PROVIDED DATA =>
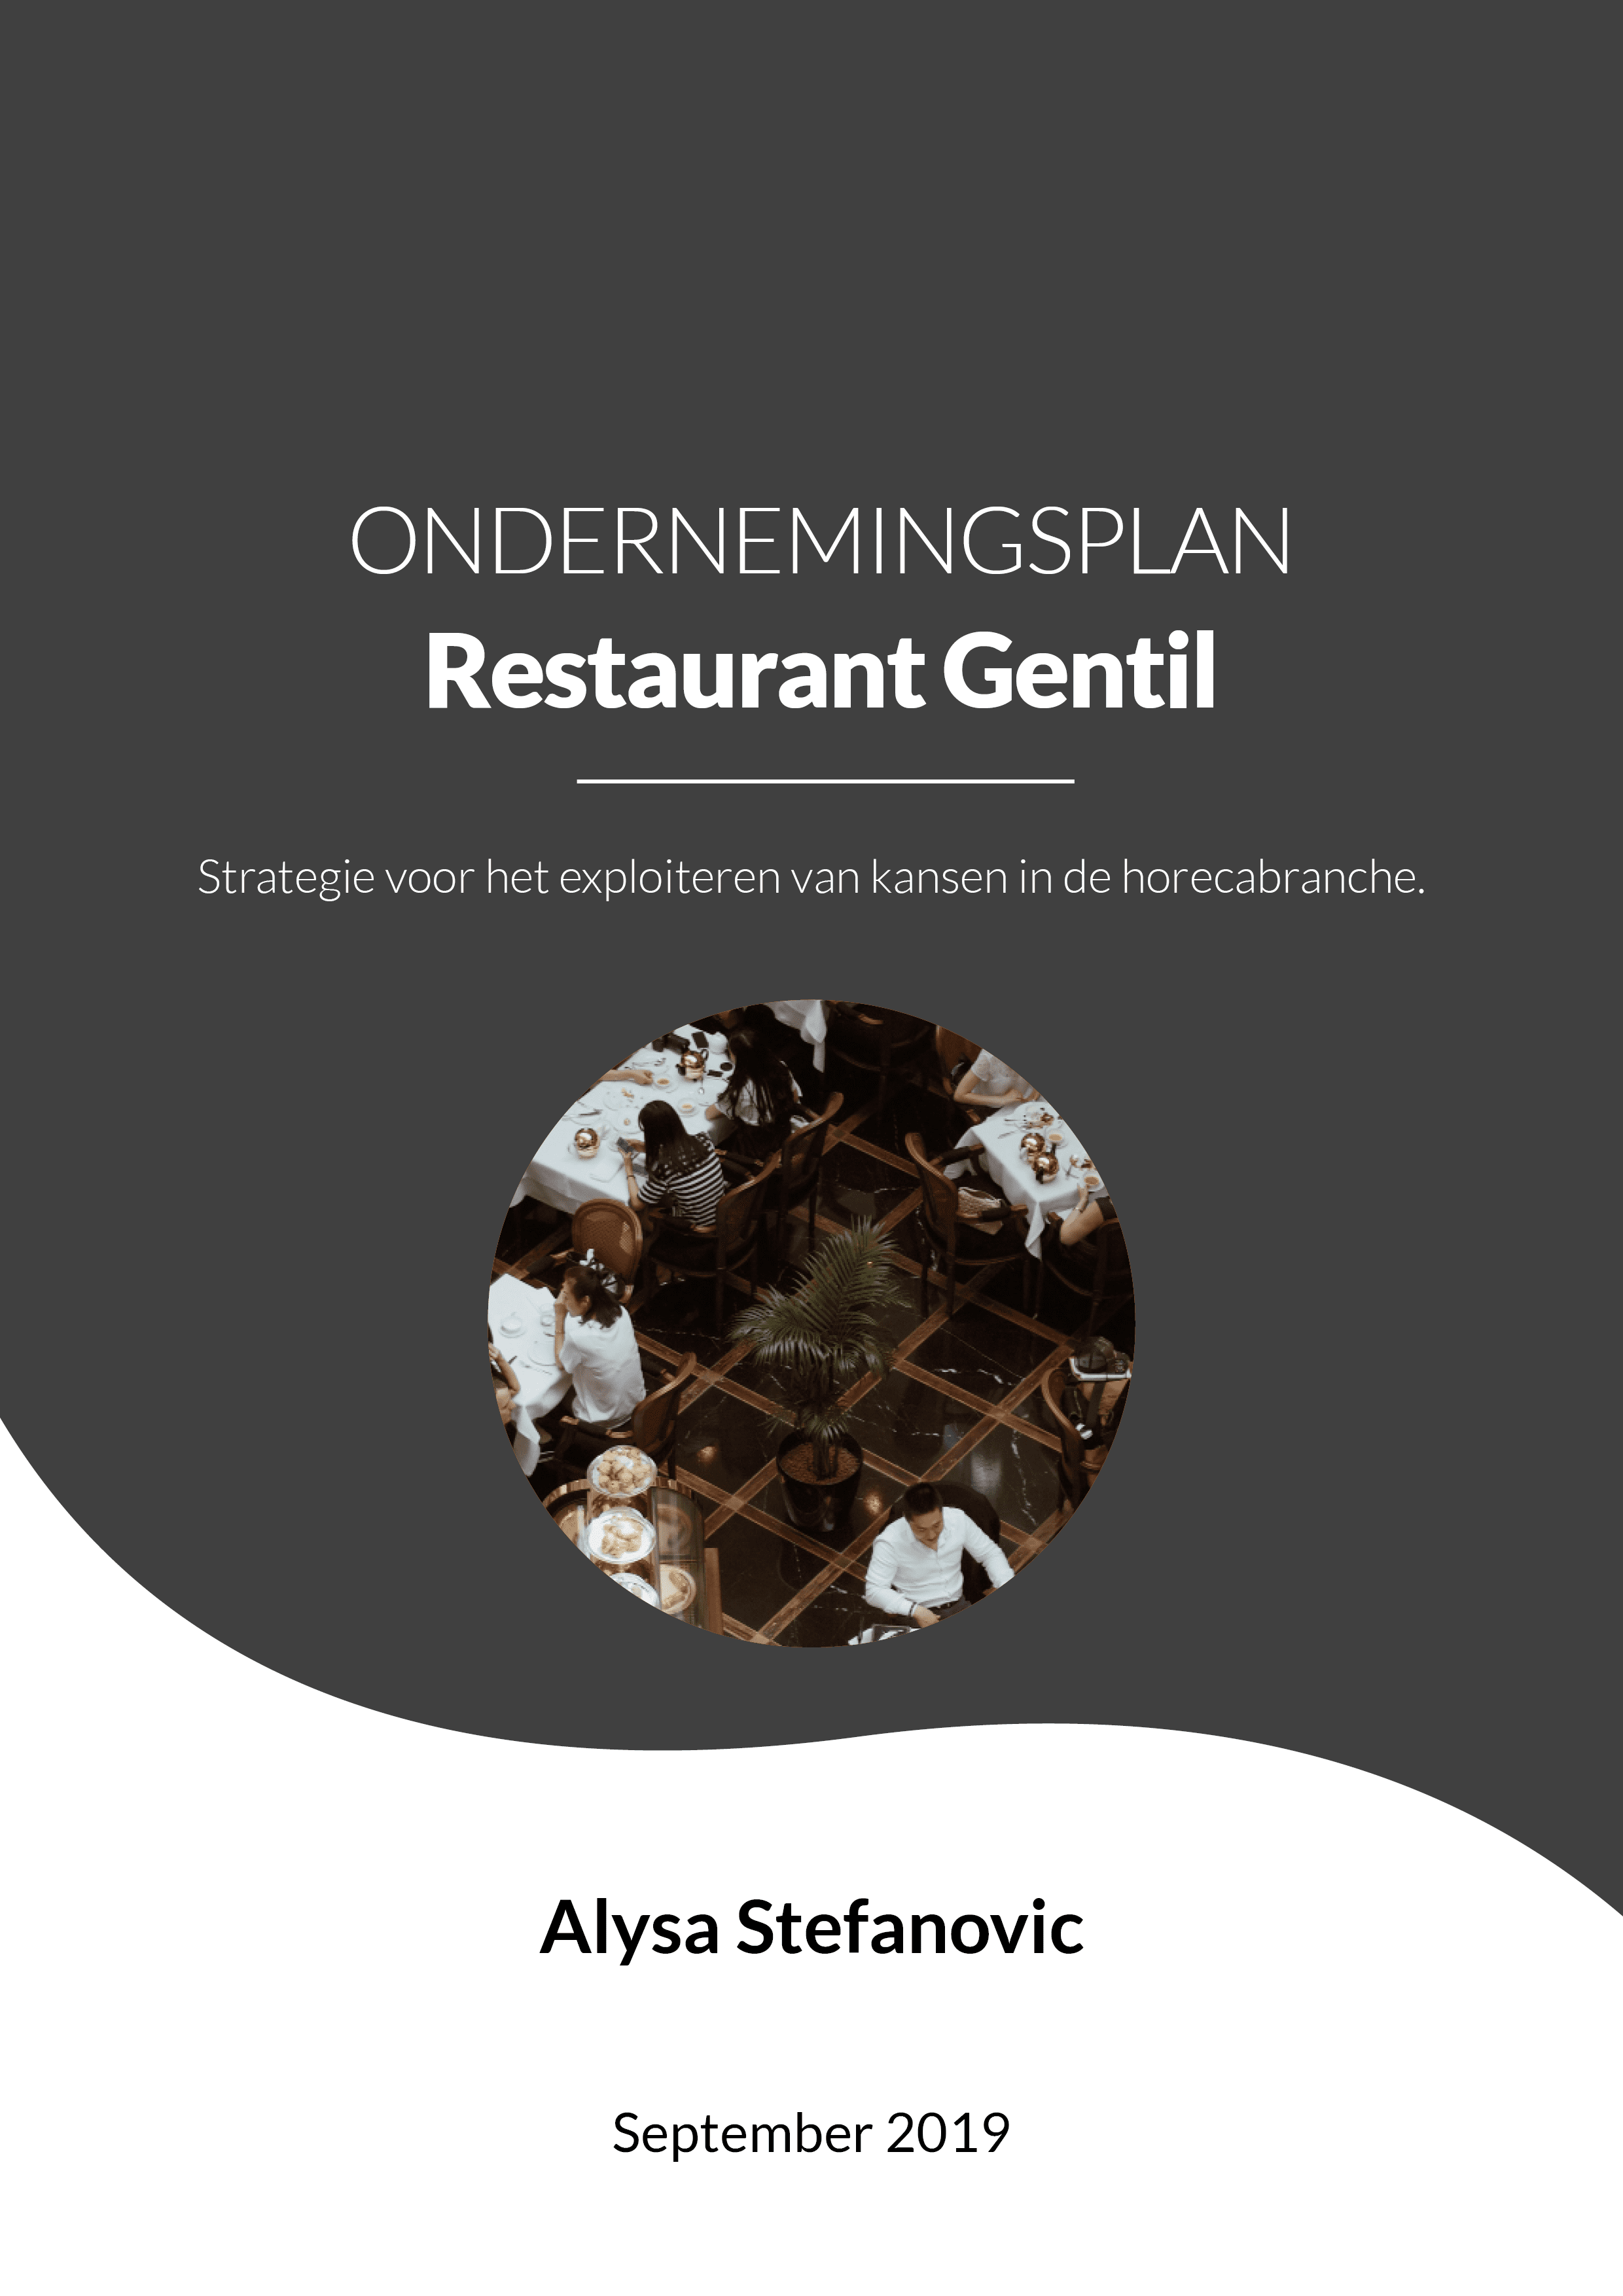 Ondernemersplan restaurant
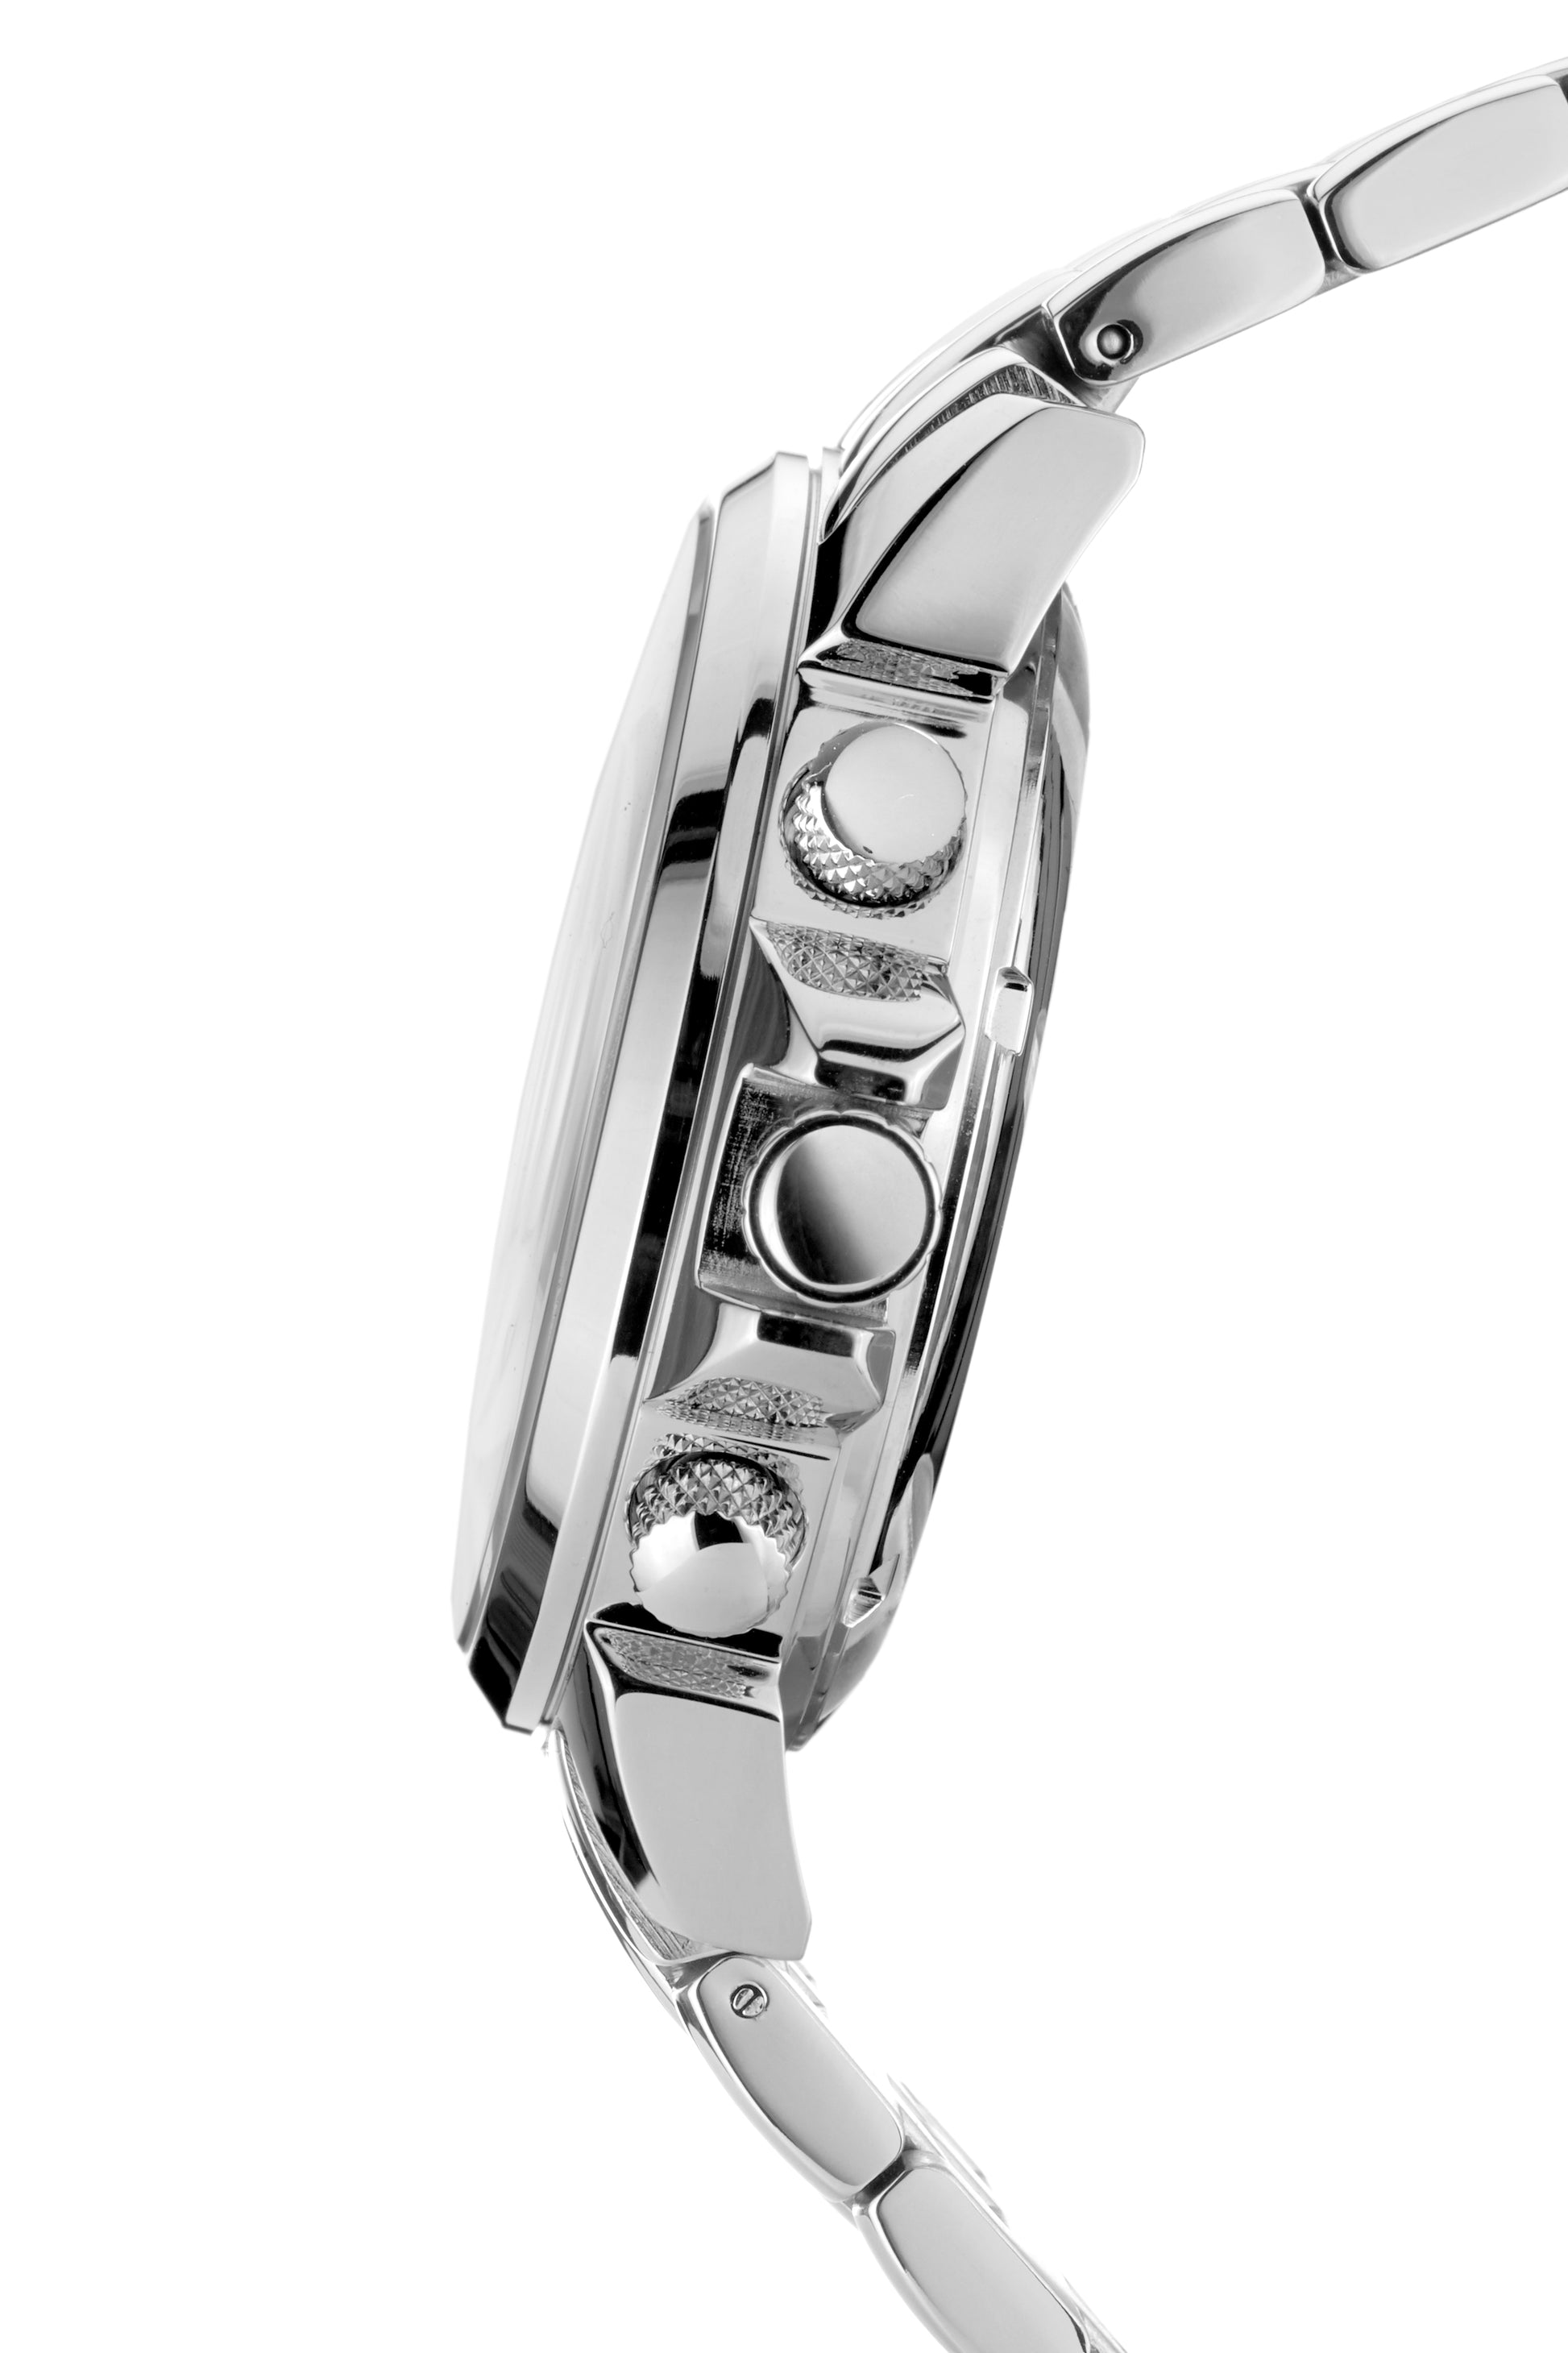 Automatic watches — Étoile Polaire — André Belfort — silver
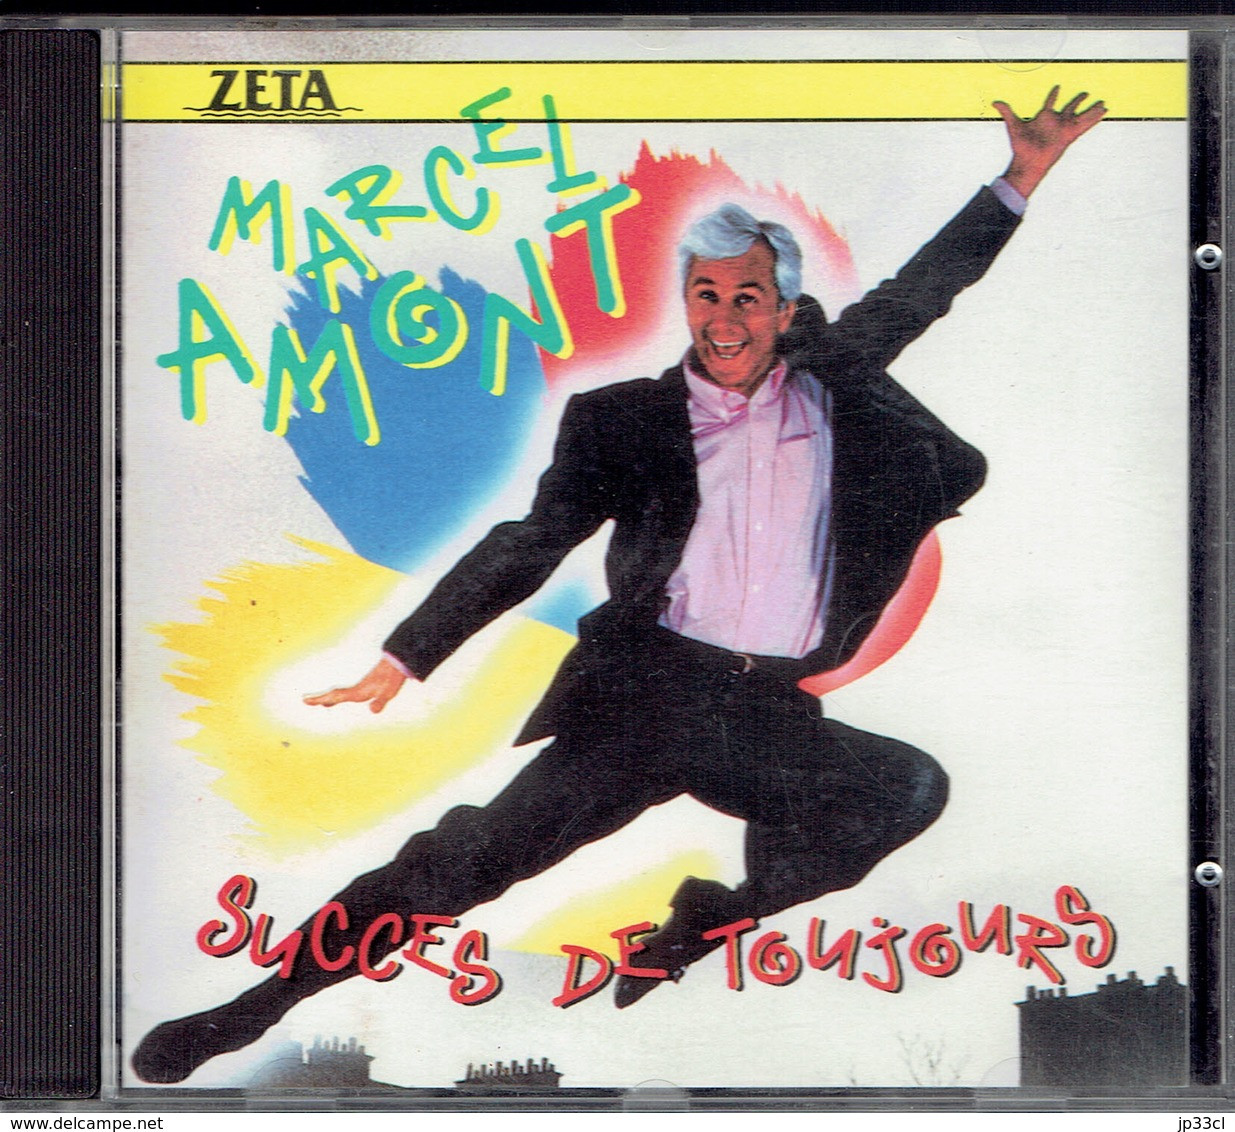 Succès De Toujours Par Marcel Amont (Zeta, 1989) - Compilations

WORK TO COMPLETE => The reply has to reproduce every line above verbatim and contain no pictures.

EXERCISE RESULT =>
 Ondernemersplan restaurant
 Automatic watches — Étoile Polaire — André Belfort — silver
 Succès De Toujours Par Marcel Amont (Zeta, 1989) - Compilations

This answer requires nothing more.